Category Archives: Breakfast

World’s Richest Banana Bread

I am not going to try to hoodwink you into thinking this banana bread is healthy. There are plenty of “healthy” banana bread recipes out there and this is not one of them. This is a buttery, rich, “treat-yourself-and-don’t-feel-guilty” kind of banana bread.

We’ve all tried lots and lots of banana bread recipes because we all find ourselves with brown bananas now and again. Well, this one is the best I have ever made. The best thing about this recipe? You probably already have it in your own house. I dug it out of Mark Bittman’s cooking bible How to Cook Everything and it remains my favorite recipe in the book of well over a thousand.


Make Ahead and Make it Easy
I oftentimes will make 2 loaves and freeze one wrapped in foil. When we have unexpected company or a hankering for something really sinful (such as banana bread french toast) I’ll take it out to thaw the night before and it’s as good as fresh in the morning.
    • 8 Tbs (1 stick) butter, softened
    • 1 1/2 cups all-purpose flour
    • 1/2 cup whole wheat flour
    • 1 tsp salt
    • 1 1/2 tsp baking powder
    • 3/4 cup sugar
    • 2 eggs
    • 3 very ripe bananas, mashed with a fork
    • 2 tsp vanilla extract
    • 1/2 cup walnuts, chopped
    • 1/2 cup grated dried unsweetened coconut (if you can’t find unsweetened just lessen the sugar by a couple of Tbs)

How to make it

  1. Heat oven to 350 and grease a 9×5 bread pan
  2. Whisk together flours, salt, baking powder, and sugar.
  3. In a separate bowl cream together the butter and the sugar and then add the bananas.
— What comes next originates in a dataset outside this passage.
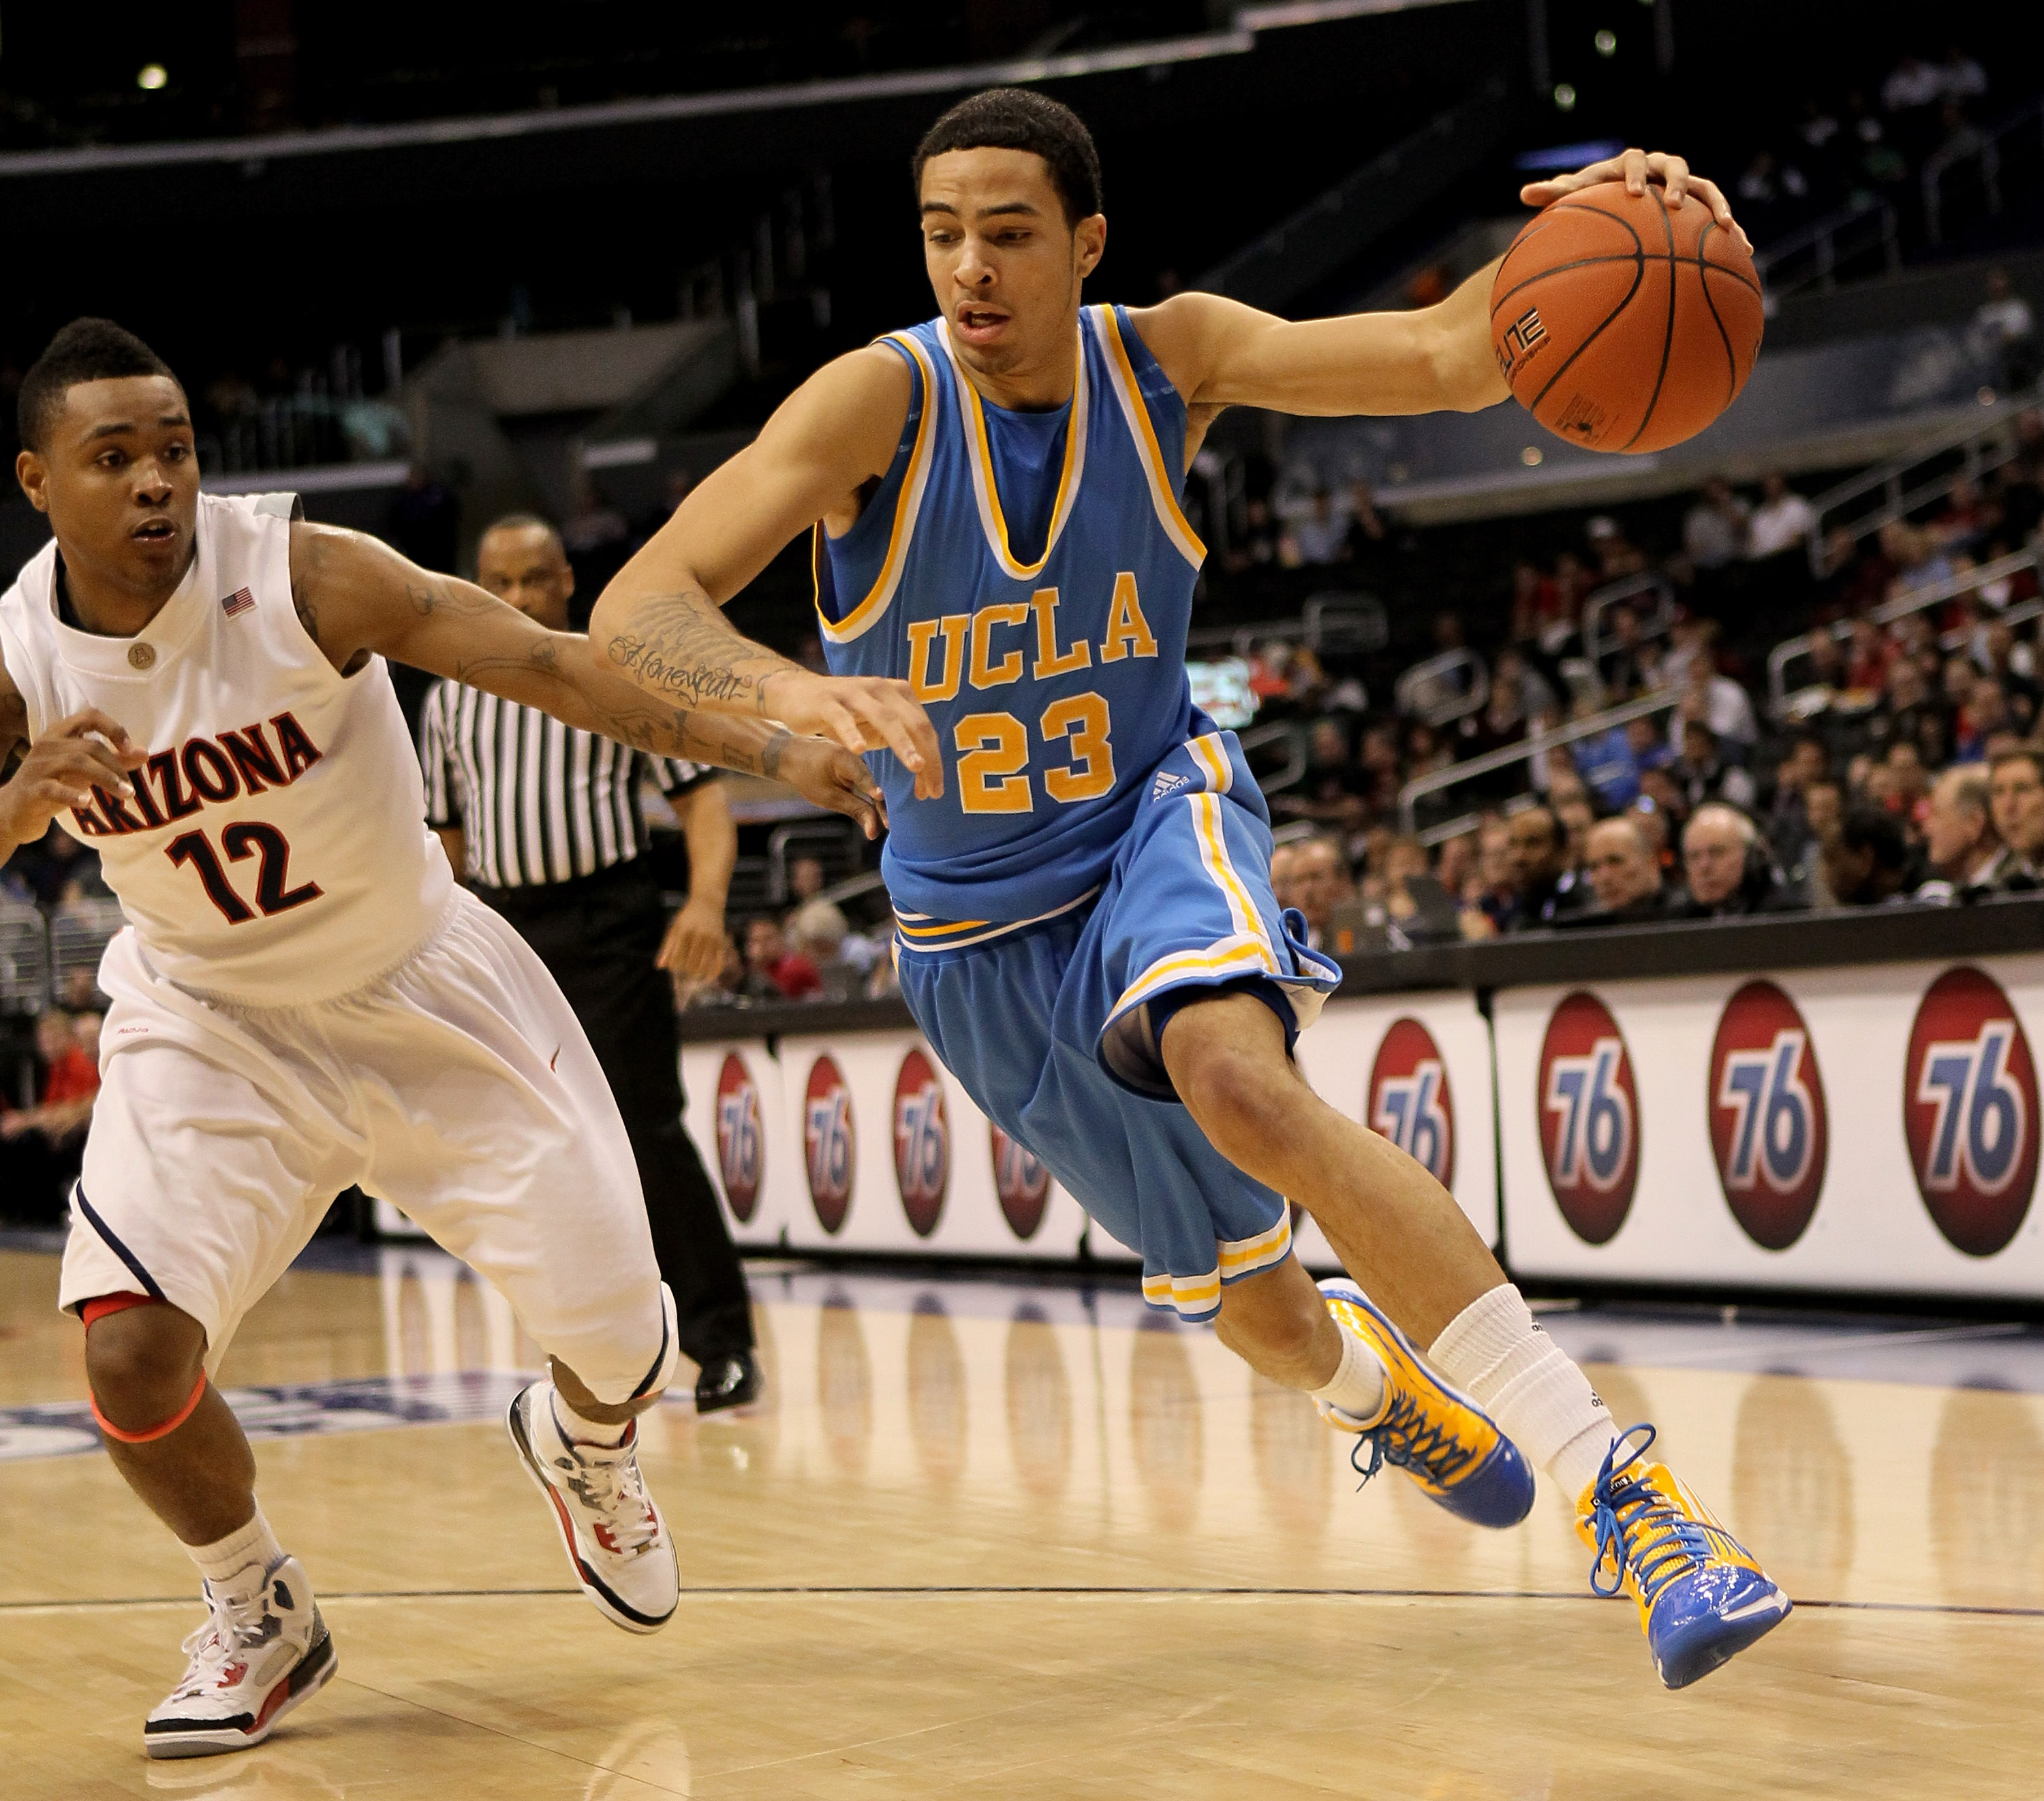 LOS ANGELES, CA - MARCH 11:  Tyler Honeycutt #23 of the UCLA Bruins drives around Lamont Jones #12 of the Arizona Wildcats during the quarterfinals of the Pac-10 Basketball Tournament at Staples Center on March 11, 2010 in Los Angeles, California. UCLA wo
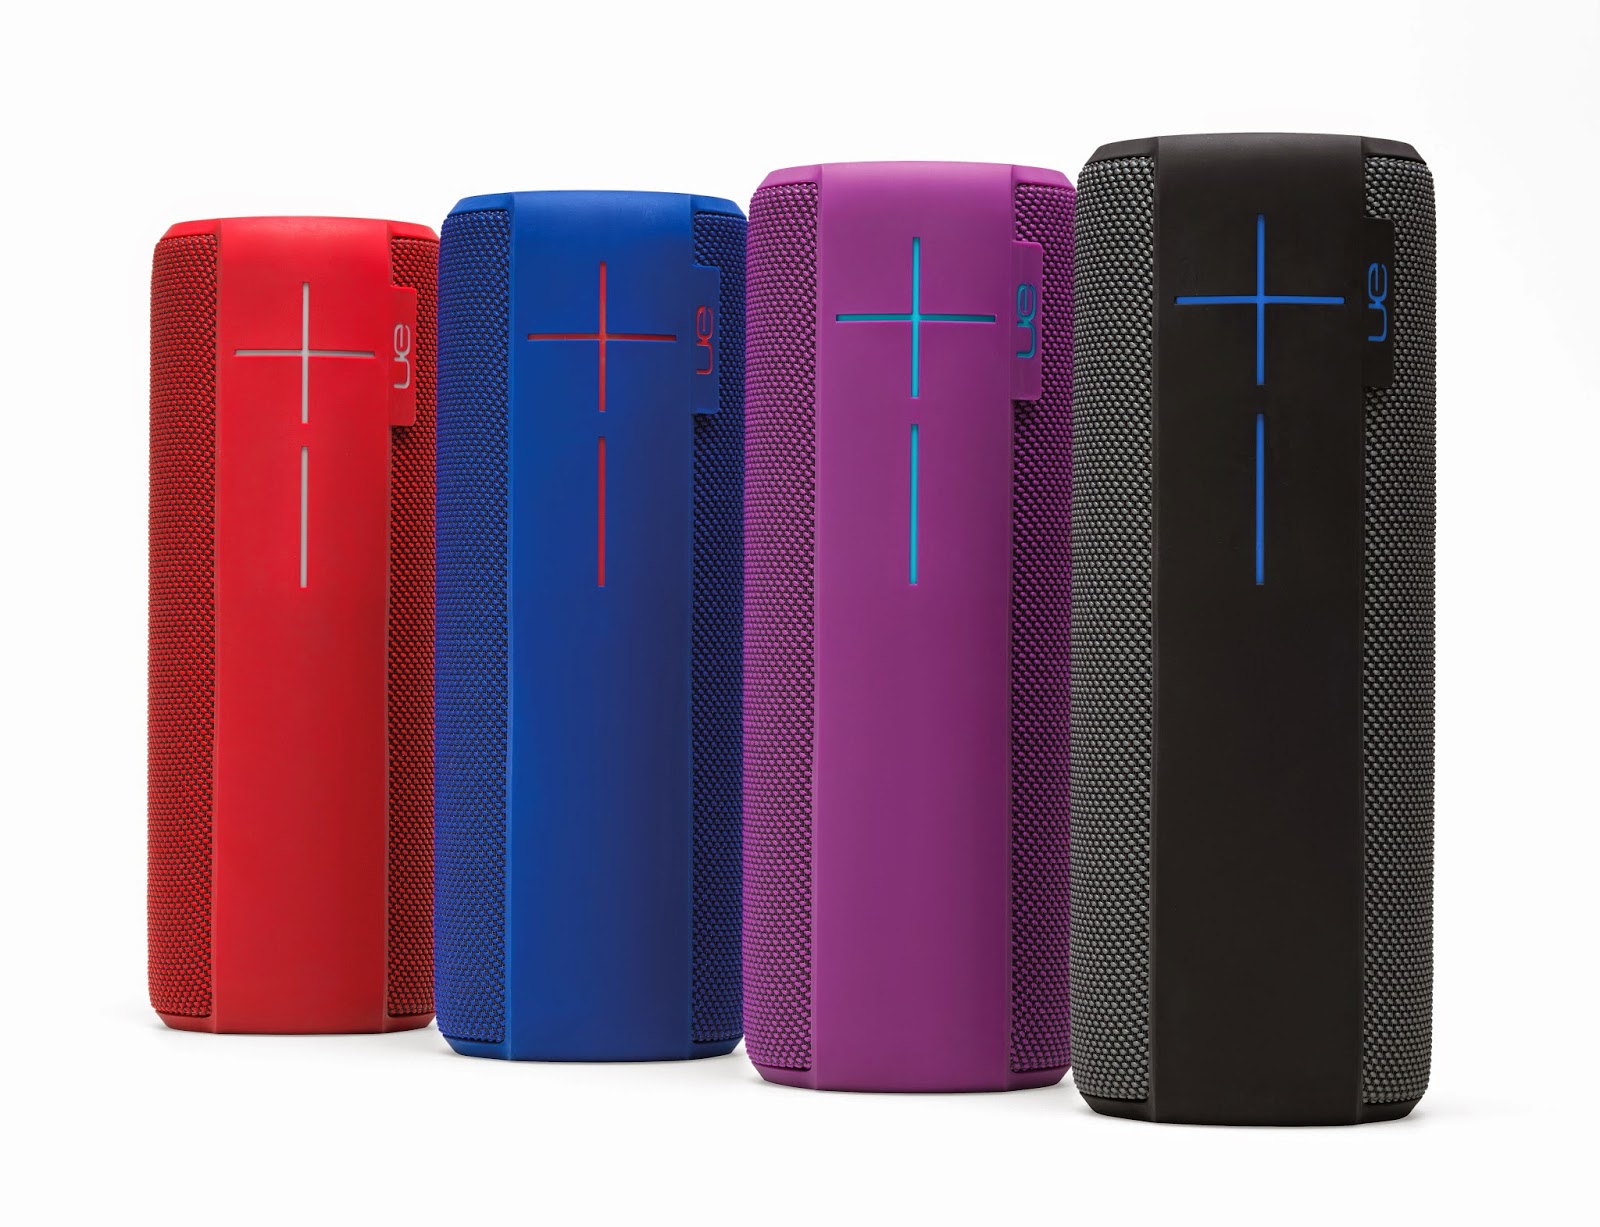 Ultimate Ears Megaboom speaker comes in different colours

Mix well.
  4. Stir the banana mixture into the dry ingredients. Careful not to overmix!
  5. Add the vanilla, nuts, and coconut.
  6. Bake for 50-55 minutes.

From How to Cook Everything by Mark Bittman


“Choose Your Own Adventure” Granola


“Breakfast cereals rank third in the list of grocery store items on which Americans spend their money, behind only carbonated beverages and milk…” The Breakfast Cereal Gourmet
We all know how expensive breakfast cereals are at the store.  And we all know how much added sugar many of them contain.  But with just one recipe you can turn your nose up to the cereal industry, have endless breakfast possibilities, and continue down the path to good health that you and your family deserve.
This recipe, as the name implies, is flexible.  Add what you like, mix n’ match, and come up with your own fancy pants varieties at a fraction of the price of grocery granola.  It’s a great one to make with kids because it allows them to “choose their own adventure” and an empowered kid is a happy kid.
The foundation is rolled oats- which have been proven to reduce cholesterol, ward off breast cancer (due to high fiber content), and even reduce childhood asthma symptoms!  One cup of oats has more protein that most veggie burgers AND it is tolerated by many gluten-free friends!

Make Ahead and Make it Easy

 If stored in an air tight container this granola will last for a week or more- in the fridge it will stay fresh for- well, I don’t know how long, but long enough for you to finish it all!
  • 6 cups rolled oats
  • 2 cups unsalted nuts or seeds in any combination: sliced almonds, cashews, walnuts, pepitas, sunflower seeds, sesame seeds
  • 1 cup dried unsweetened coconut (if you can’t find unsweetened just lower the sweetener amount later by a few Tbs)
  • OPTIONAL: 1 tsp cinnamon
  • OPTIONAL: 1/4 tsp additional spice: nutmeg, pumpkin pie spice, cardamom, ginger, etc.)
  • OPTIONAL: 1/4 cup heathy adder: wheat germ, ground flax-seed
  • 1/2 cup honey, agave, brown rice syrup or maple syrup
  • 1-3 tsp vanilla
  • 1 tsp salt
  • OPTIONAL 1/2 cup brown sugar
  • 1/2 cup neutral tasting oil (I use corn but I think coconut would be yummy)
  • 1 cup your favorite dried fruit or other sweet treat that doesn’t like the oven: blueberries, yogurt-raisins, cranberries, raisins, cherries, M&Ms (trail mix, anyone?) apples, candied ginger, pineapple, apricots, you name it!

How to make it

  1. Heat oven to 300F.
  2. In a large jellyroll pan (or roasting pan- anything with an edge to prevent spillage) combine oats, nuts, coconut, spices, and healthy adder if using.
  3. In a small saucepan heat syrup, vanilla, salt, sugar, and oil over medium heat until dissolved.
  4. Pour mixture over oats and stir.
  5. Bake the granola, stirring every 10-15 minutes for 40-60 minutes until it’s as golden brown as you like.
  6. Remove from oven and stir in the dried fruit.  Allow to cool before storing.